# i7-8700 Coffee Lake S system compilation logic

## bagas

Hello

Tell me what logic of compilation / assembly of the system is better to specify for the processor intel i7-8700.

I have not forgotten anything?

make.conf

```
CHOST="x86_64-pc-linux-gnu"

CFLAGS="-march=skylake -O2 -pipe"

CXXFLAGS="${CFLAGS}"

FFLAGS="${CFLAGS}"

CPU_FLAGS_X86="mtrr sse sse2 sse3 ss ssse3 pae mmx mmxext sse4.1 sse4.2 avx2 aes"

MAKEOPTS="-j12"

CC=gcc

CXX=g++

FEATURES="-parallel-fetch -collision-protect -xattr"

DISTDIR="/mnt/distfiles"

PORTAGE_TMPDIR="/mnt/tmp"

GENTOO_MIRRORS="http://mirror.yandex.ru/gentoo-distfiles"

VIDEO_CARDS="intel i965"

ALSA_CARDS="hda-intel"

INPUT_DEVICES="mouse keyboard"

LINGUAS="ru en"

GRUB_PLATFORMS="pc"

USE="freetype -gnome -samba -cups thunar consolekit policykit pam udev bash-completion unicode 7zip xorg esd xvmc dxr3 audiofile vidix aalib vcd -hal xvid lua bzip2 dbus a52 aac amr accessibility oss mng vorbis crypt python perl flac -arts ieee1394 -kdevelop xine tiff djvu glib mtrr dvd slang lzo -kde alsa cdr sse sse2 ss ssse3 sse4.1 sse4.2 avx2 aes pae mp3 X mmx ogg -ipv6 -kdeenablefinal -kdehiddenvisibility jpeg gif -sudo pnp png usb pdf -multilib pdo"

ACCEPT_LICENSE="AdobeFlash-11.x AdobeFlash-10.3 Nero-EULA-US AdobeFlash-10 skype-eula skype-4.0.0.7-copyright dlj-1.1 google-chrome OPERA-12"

EMERGE_DEFAULT_OPTS="--autounmask=n"

PHP_INI_VERSION=production

L10N="ru"
```

----------

## toralf

/me wonders if a generic

```
CFLAGS="-march=native -O2 -pipe"
```

would work too?

----------

## bagas

 *toralf wrote:*   

> /me wonders if a generic
> 
> ```
> CFLAGS="-march=native -O2 -pipe"
> ```
> ...

 

You want to say that this aggressive setting to compile CFLAGS="-march=skylake -O2 -pipe" ?

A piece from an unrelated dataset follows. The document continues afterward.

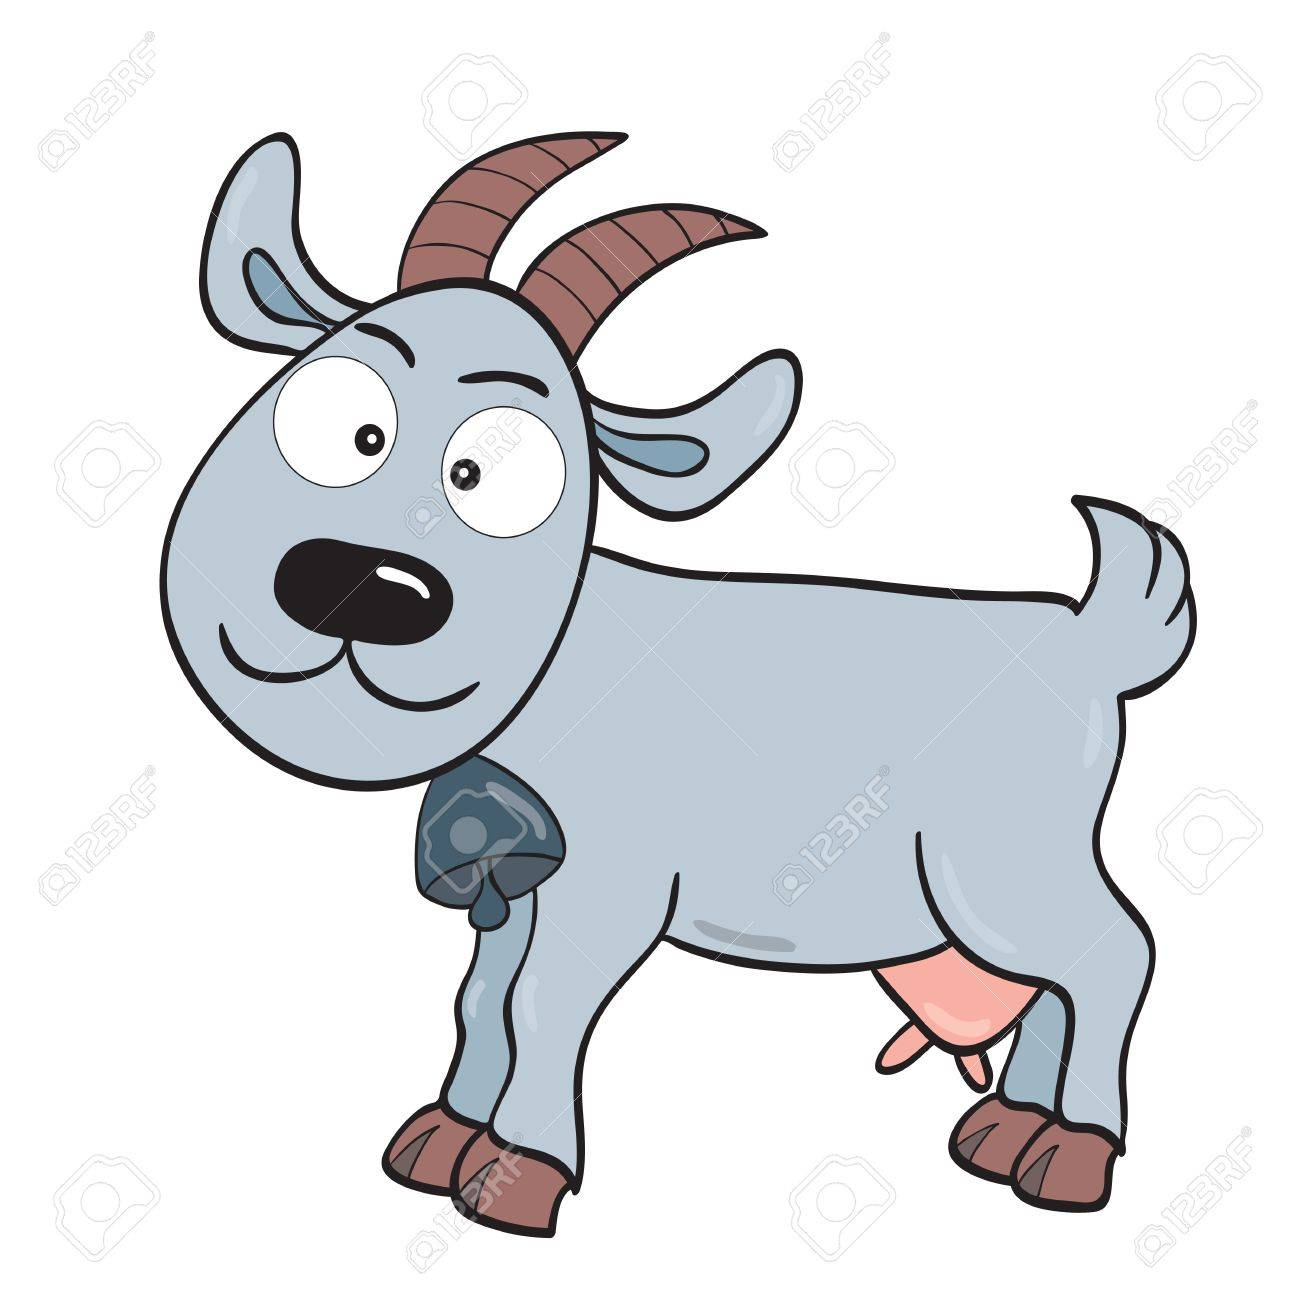 illustration of smiling cute cartoon goat. Stock Vector - 14744170

And it is better to use CFLAGS="-march=native -O2 -pipe"?

----------

## fedeliallalinea

 *bagas wrote:*   

> You want to say that this aggressive setting to compile CFLAGS="-march=skylake -O2 -pipe" ?
> 
> And it is better to use CFLAGS="-march=native -O2 -pipe"?

 

Teorically if your cpu is really skylake there is no difference. "-march=native causes the compiler to auto-detect the architecture of the build computer." (man gcc).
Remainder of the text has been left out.